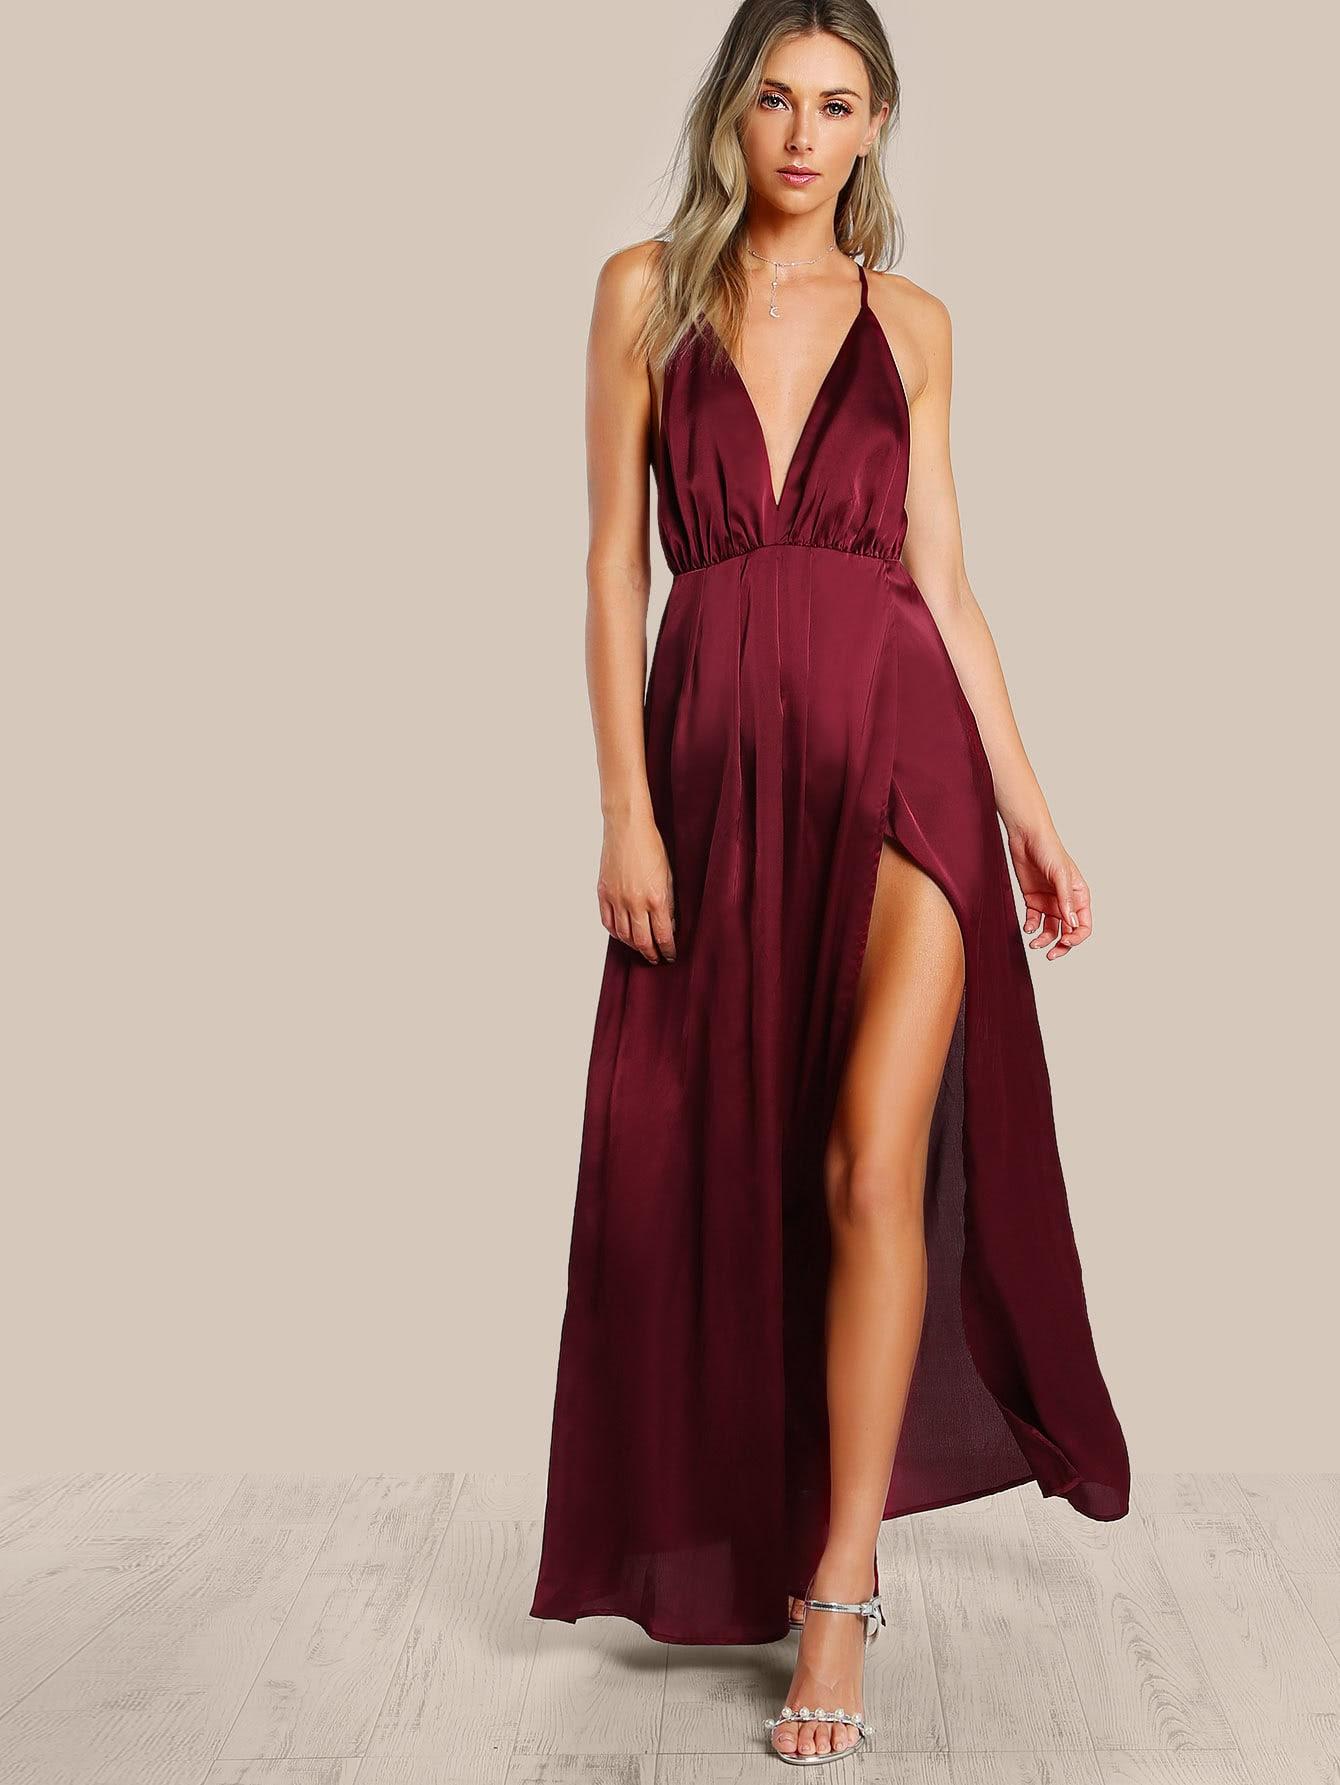 Spaghetti Strap Backless Plain Maxi Dress
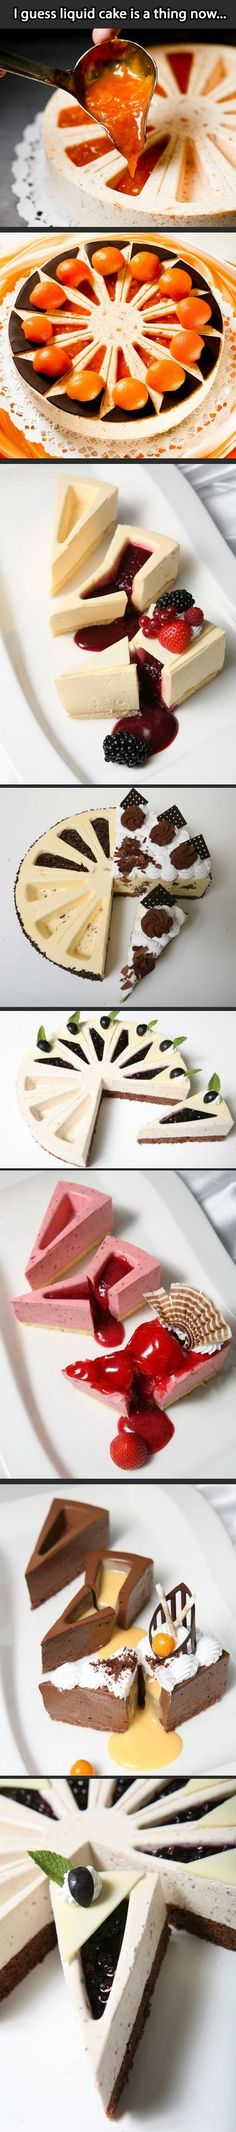 I'd eat it. I'd eat it. I'm thinking plain cheesecake with liquid strawberry :DLiquid cake? I'd eat it. I'm thinking plain cheesecake with liquid strawberry :D Just Desserts, Delicious Desserts, Yummy Food, Baking Desserts, Yummy Yummy, Sweet Recipes, Cake Recipes, Dessert Recipes, Food Cakes
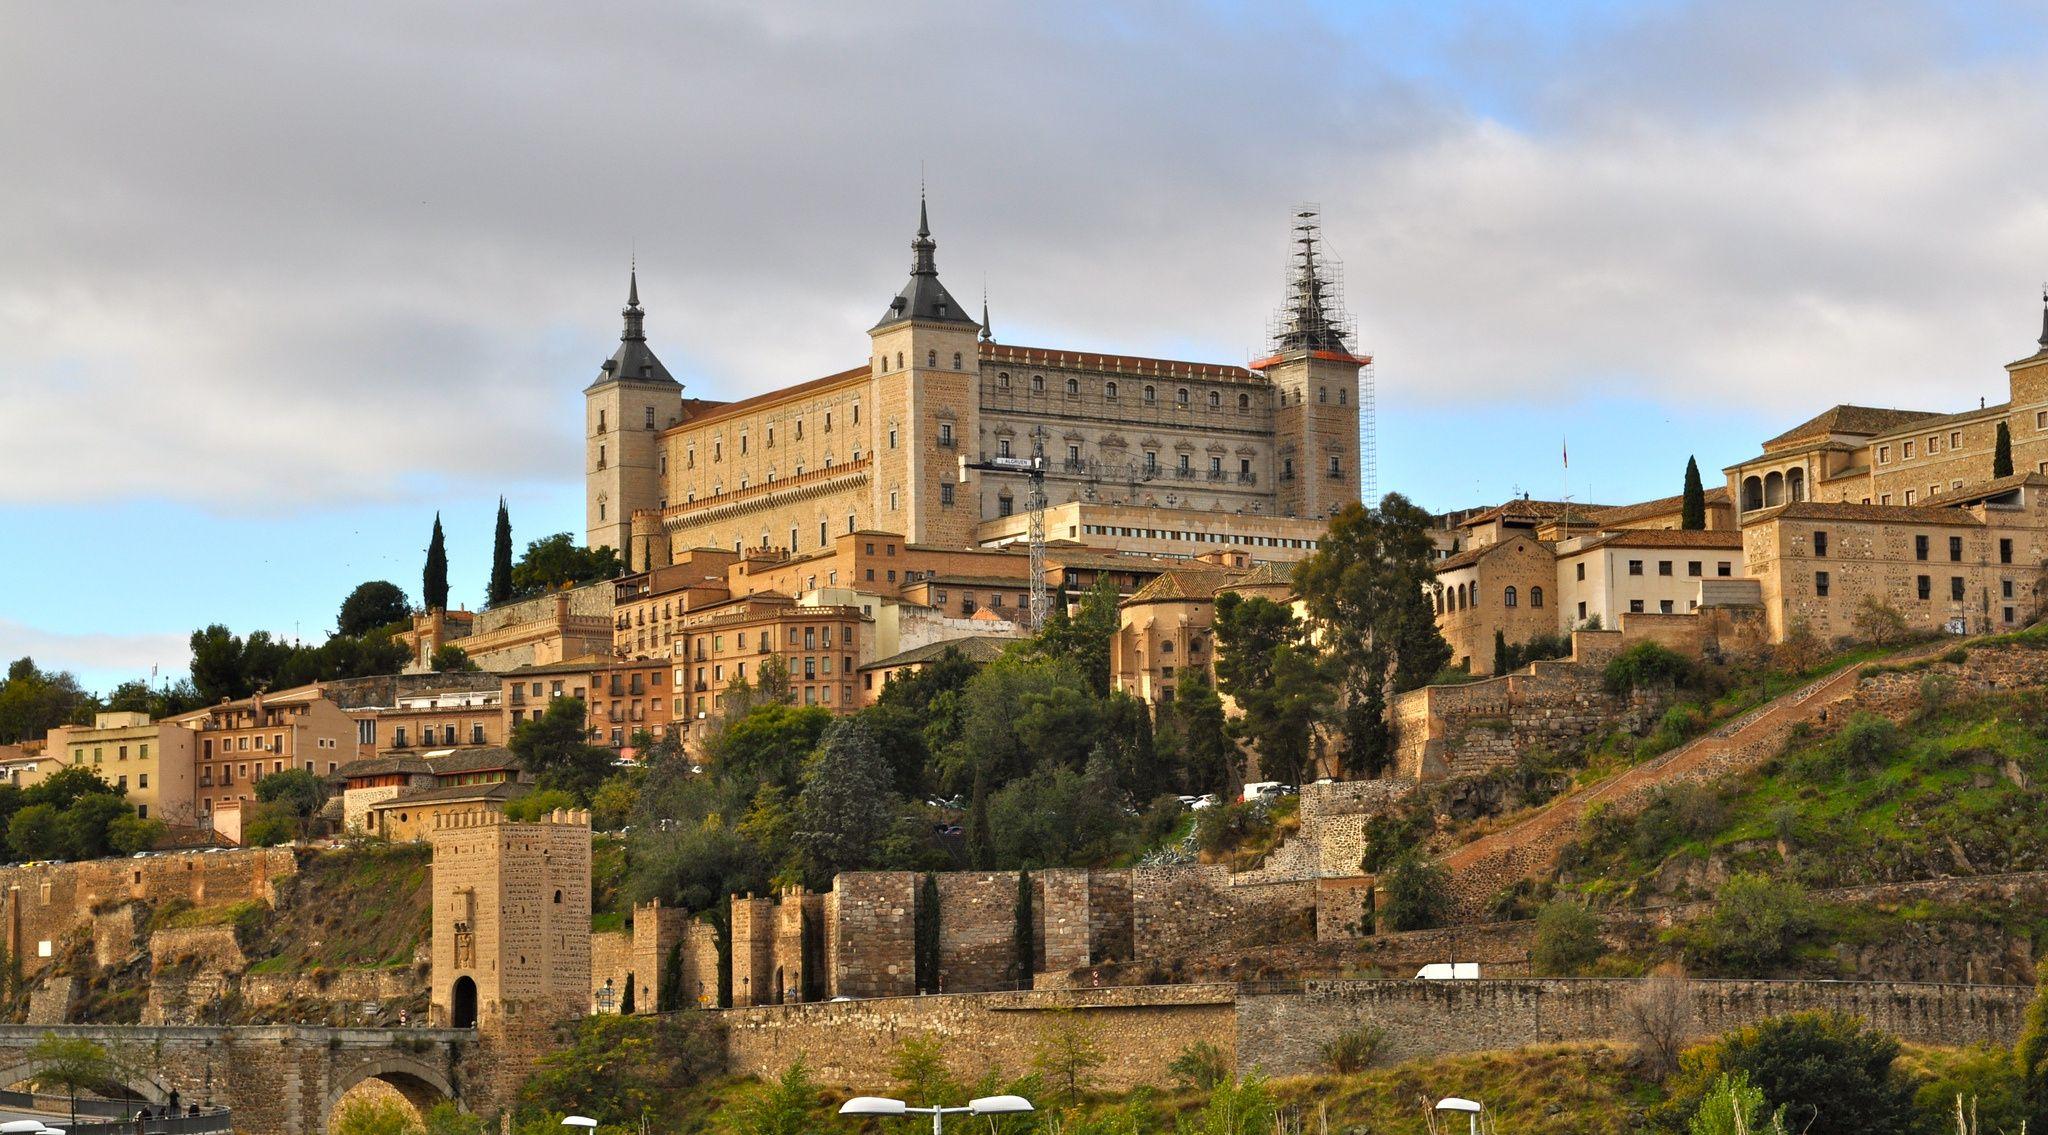 Toledo Spain castle g wallpaper | 2048x1135 | 163468 | WallpaperUP
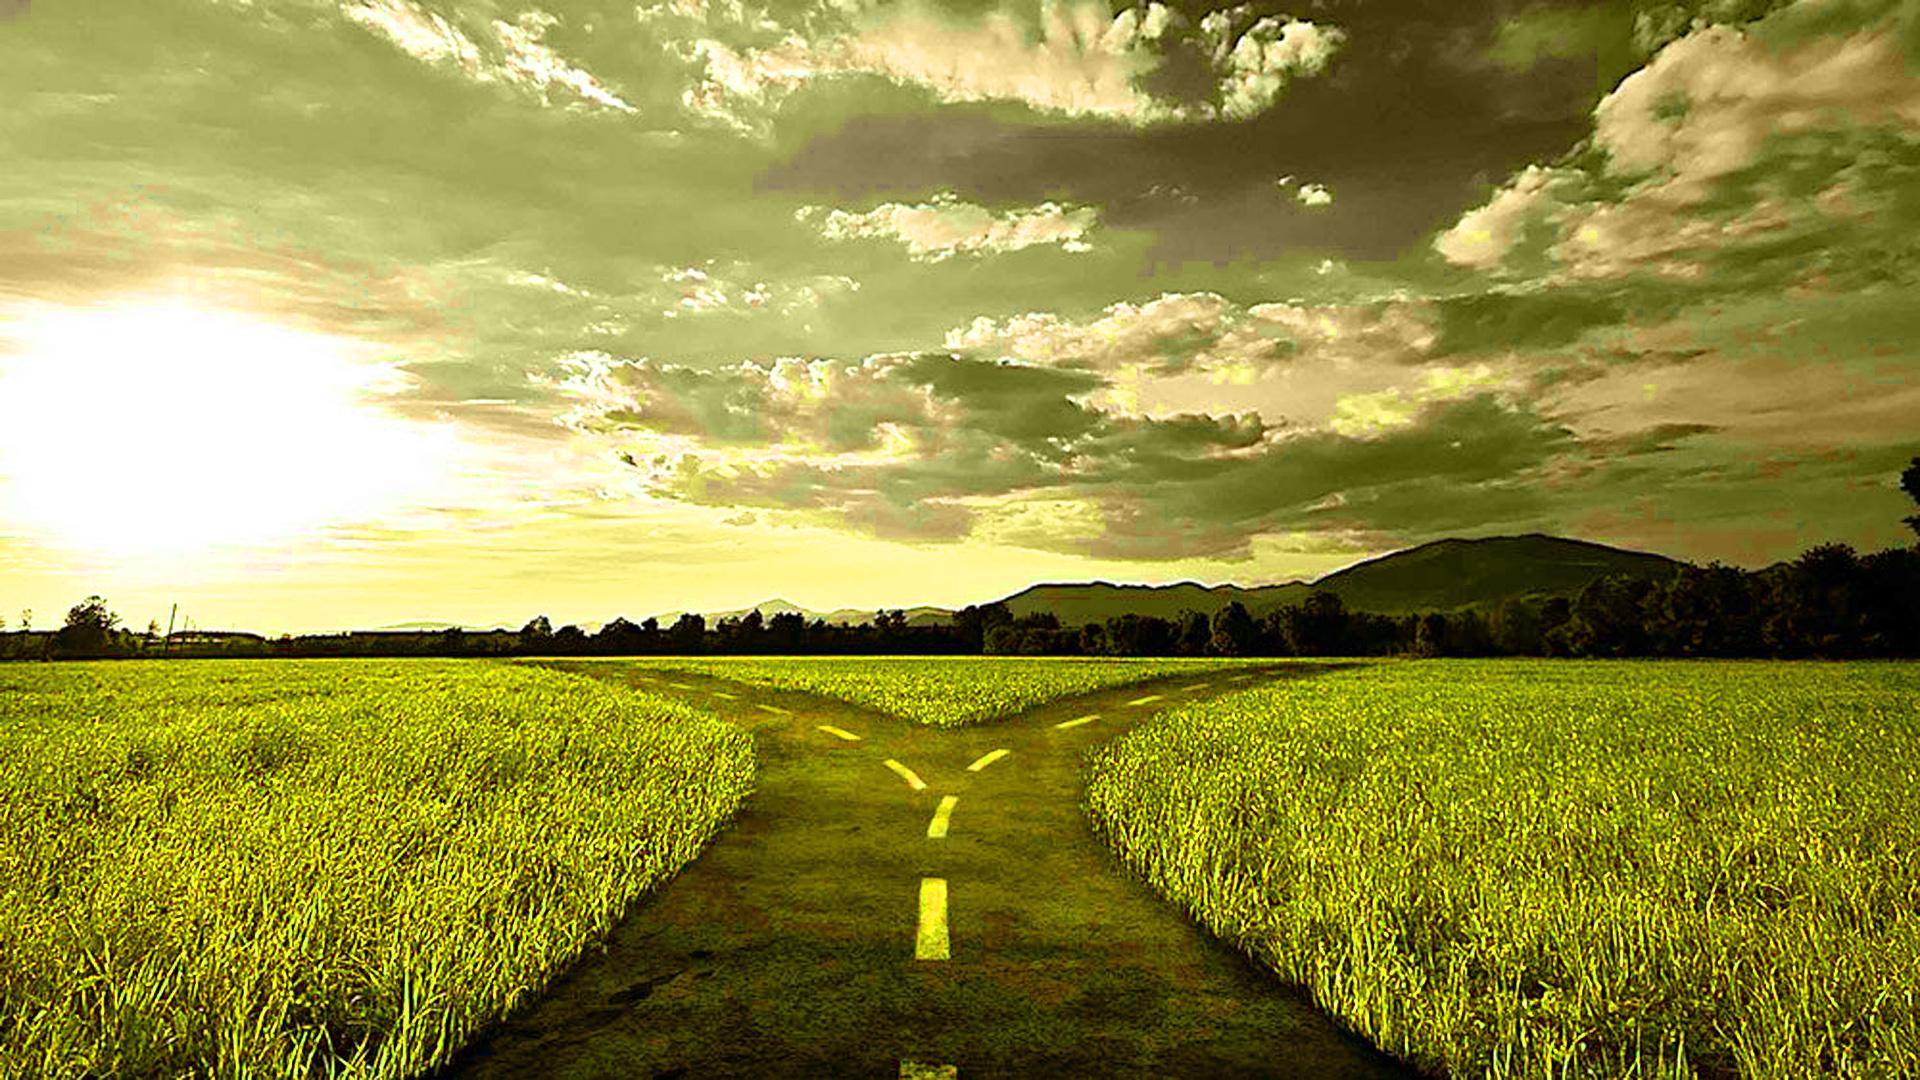 fork_in_the_road2.jpg

_What you should do:_
Print the lines from the one that contains "Toledo Spain castle" through the last line of the data, exactly and in full, and no other lines. Pictures are not part of the copy.

_Answer to this exercise:_
 Toledo Spain castle g wallpaper | 2048x1135 | 163468 | WallpaperUP
 fork_in_the_road2.jpg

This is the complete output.